Your task -
I'd like the full listing transcribed exactly, with no images included.
:: Data block ::
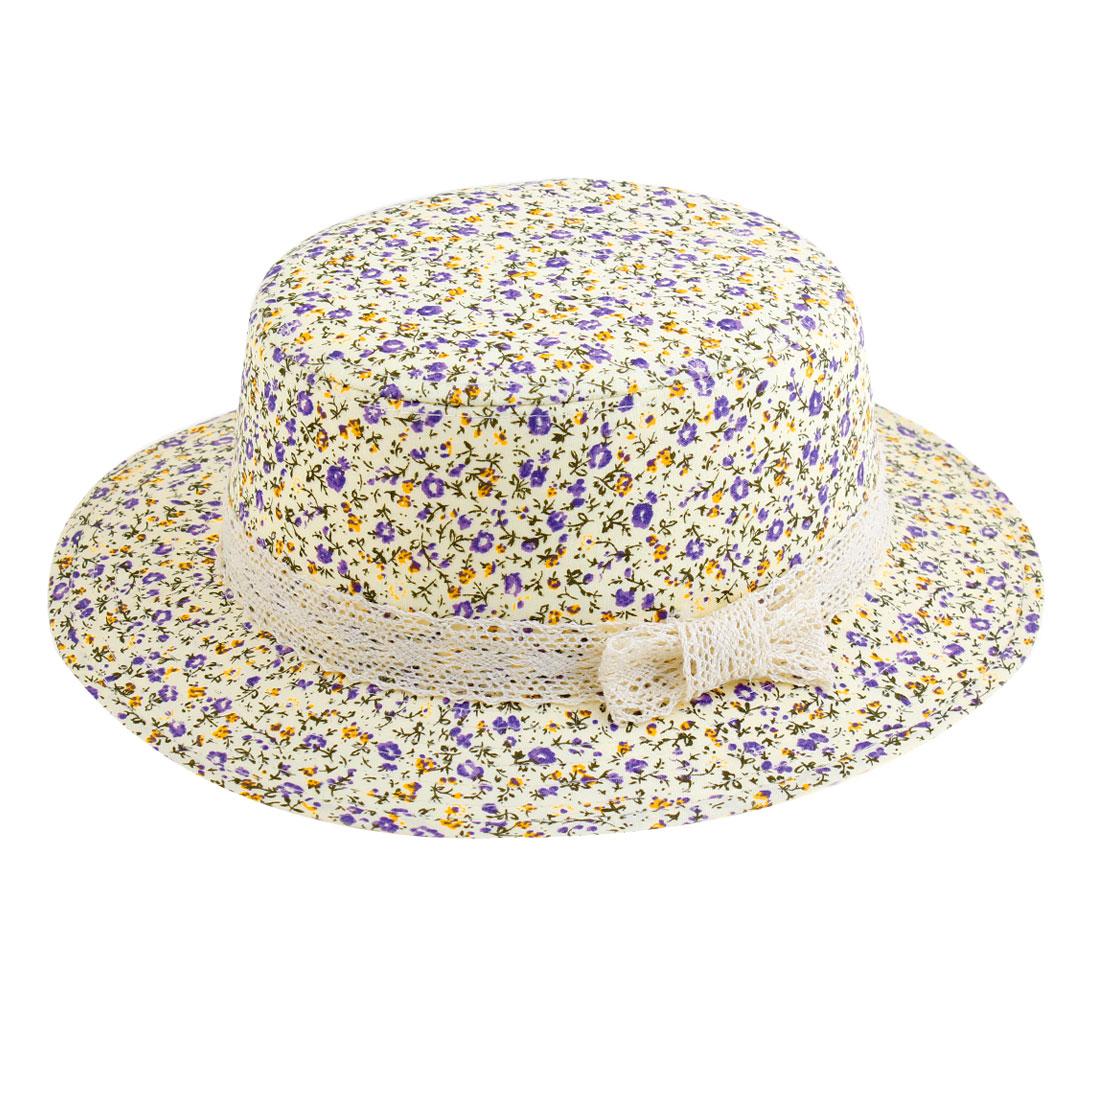 Flower Pattern Flat Top Light Purple Beige Hat for Ladies
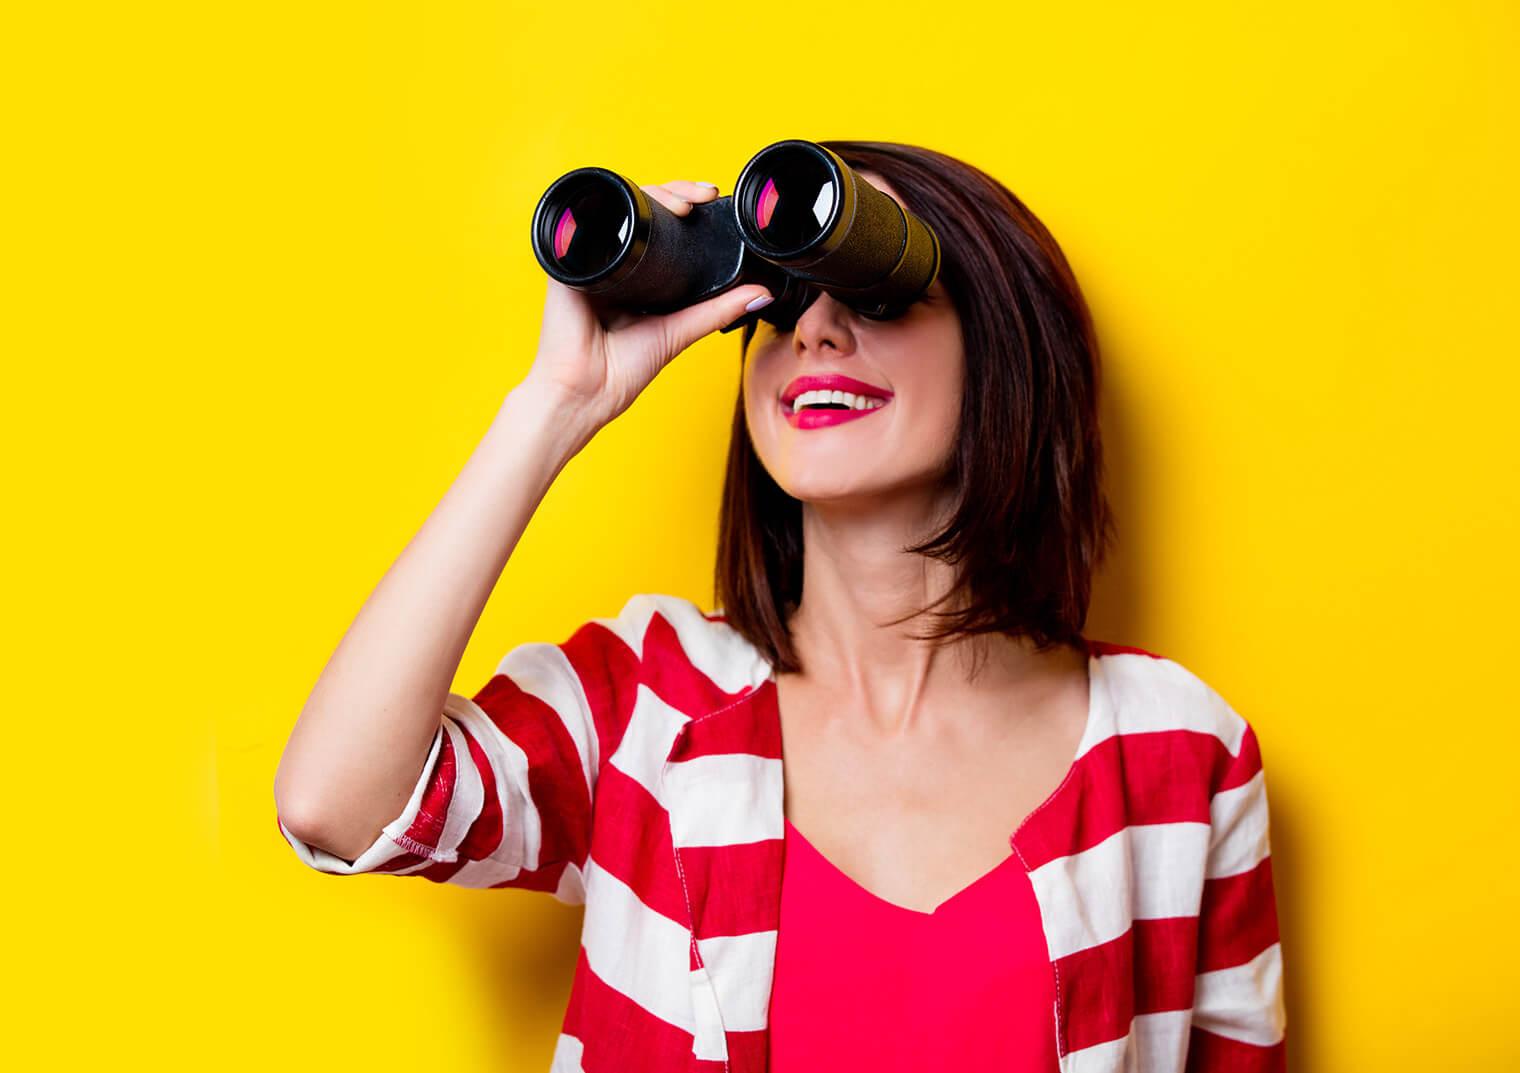 双眼鏡のお手入れ方法やメンテナンスばっちりの保管方法とは
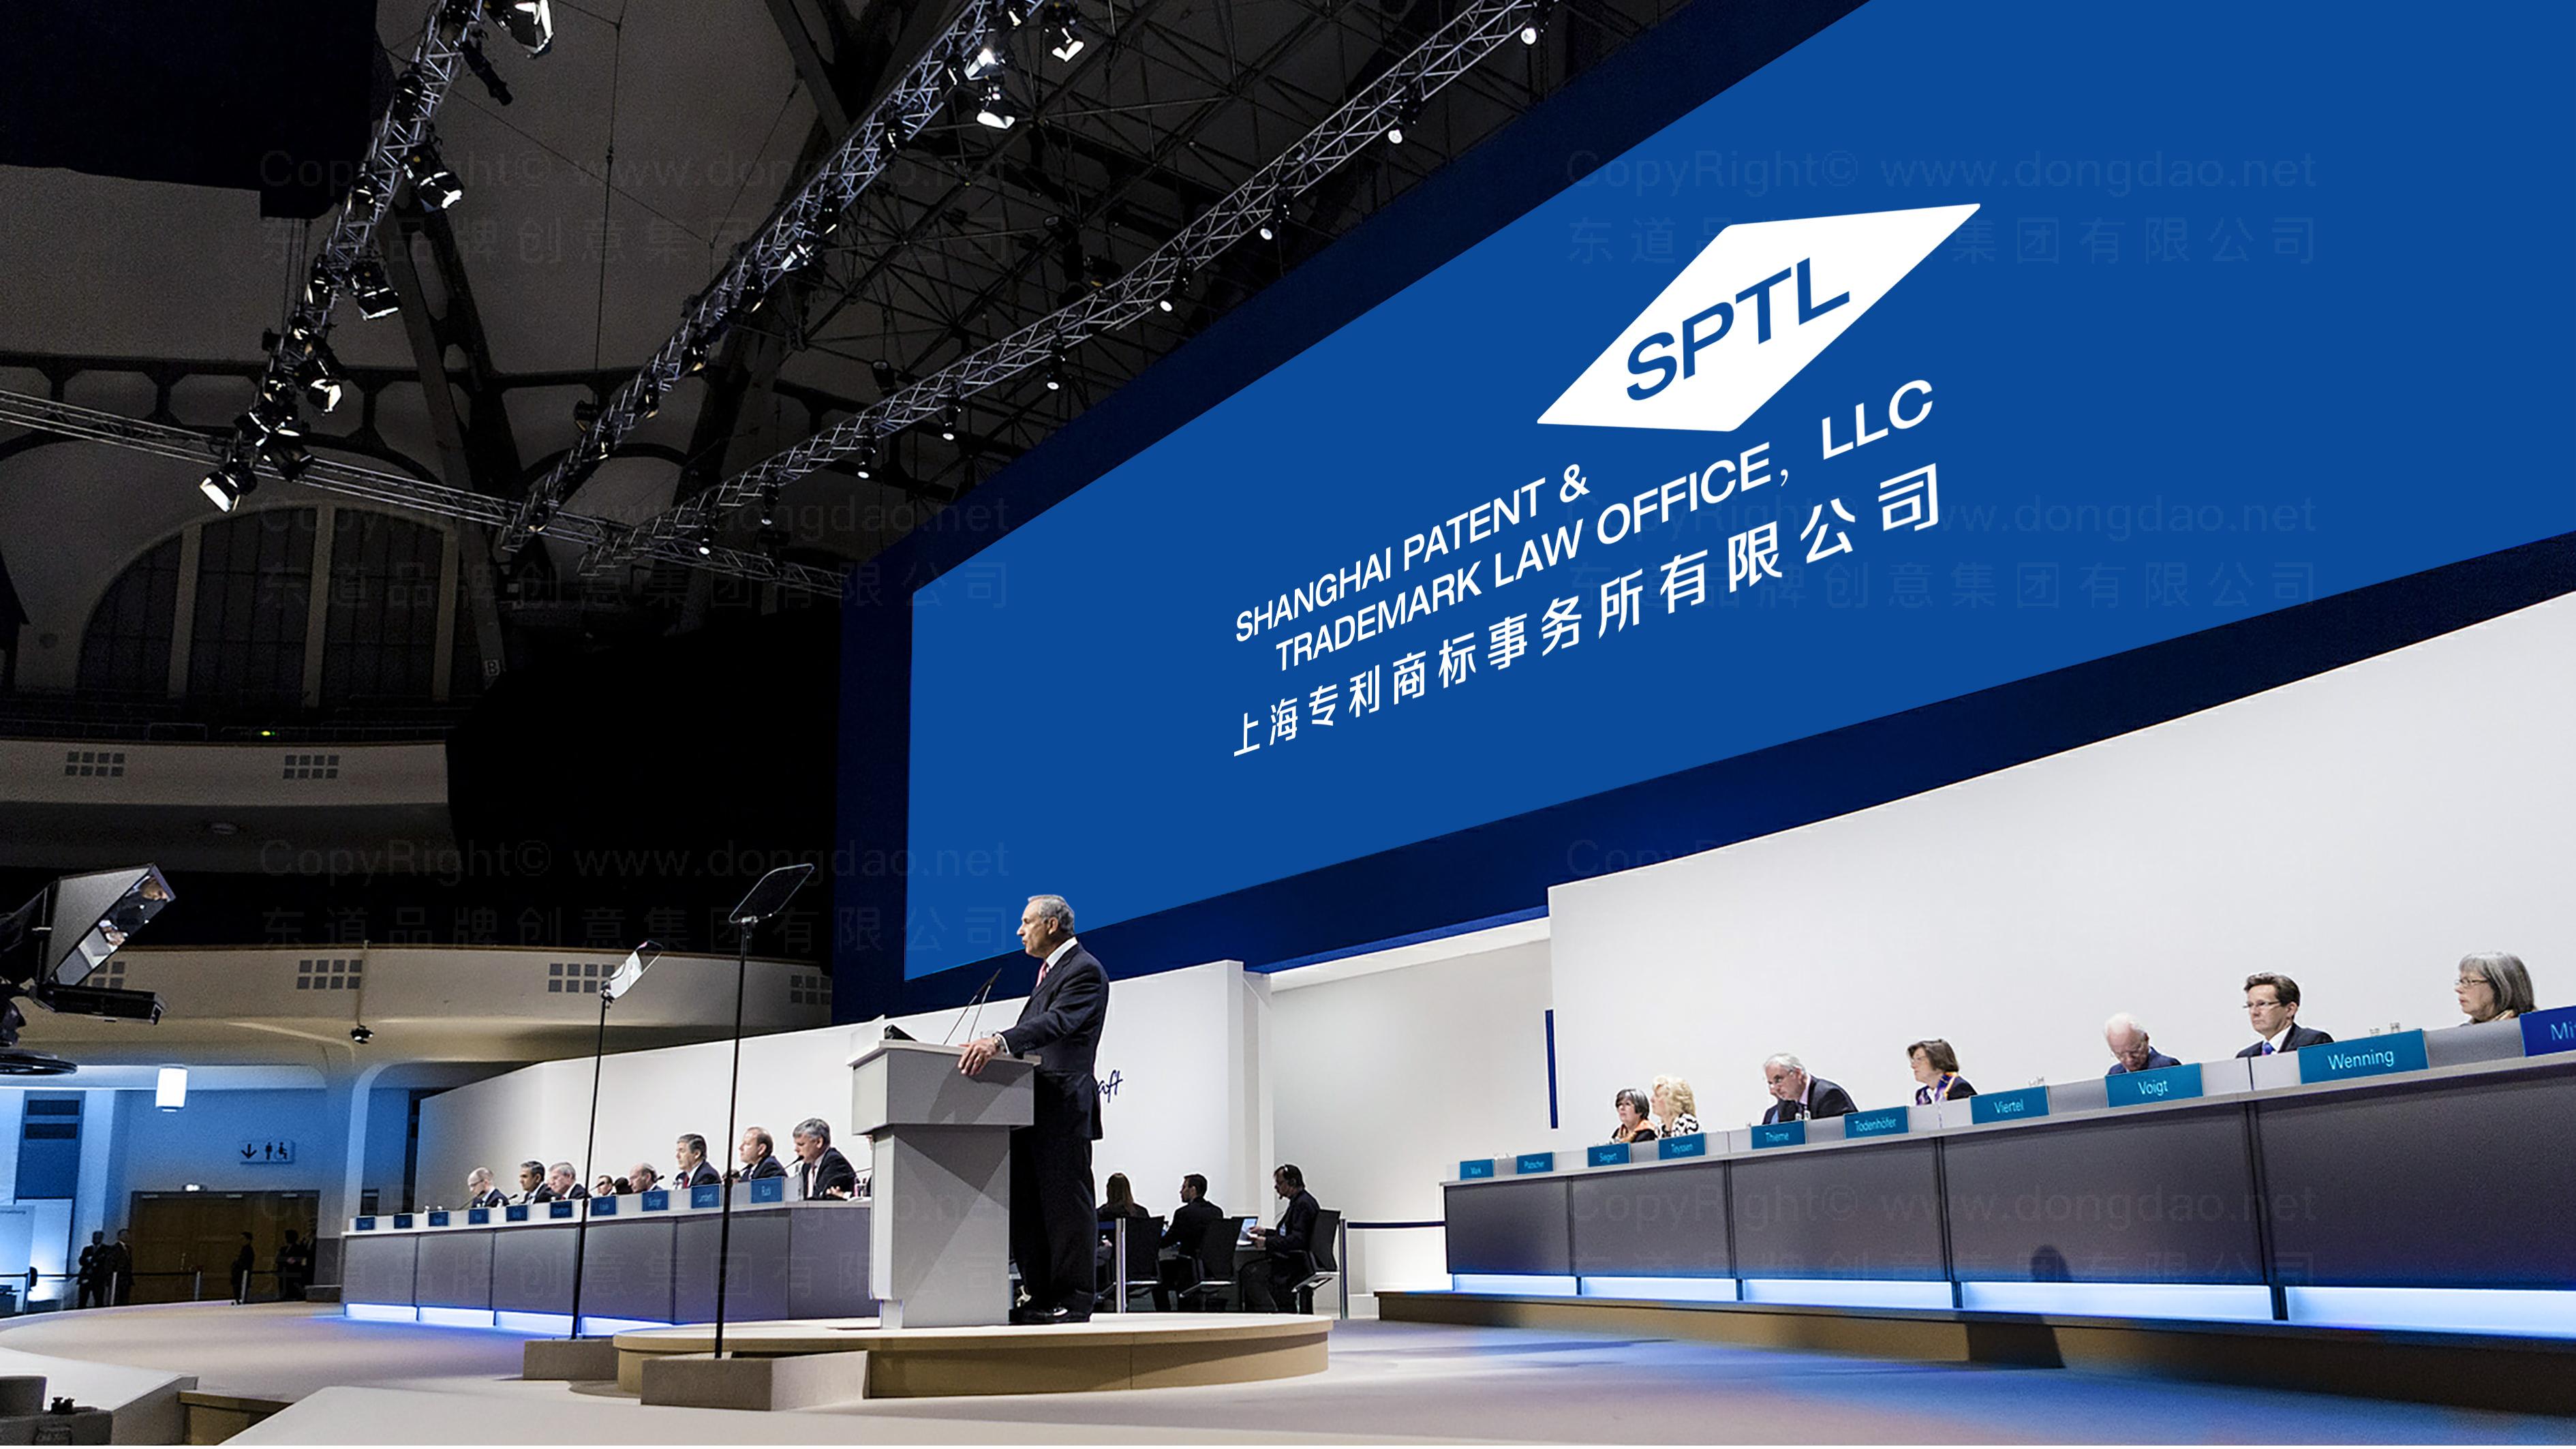 品牌设计案例上海专利商标事务所有限公司标志设计
:::
Task solution -
 Flower Pattern Flat Top Light Purple Beige Hat for Ladies
 双眼鏡のお手入れ方法やメンテナンスばっちりの保管方法とは
 品牌设计案例上海专利商标事务所有限公司标志设计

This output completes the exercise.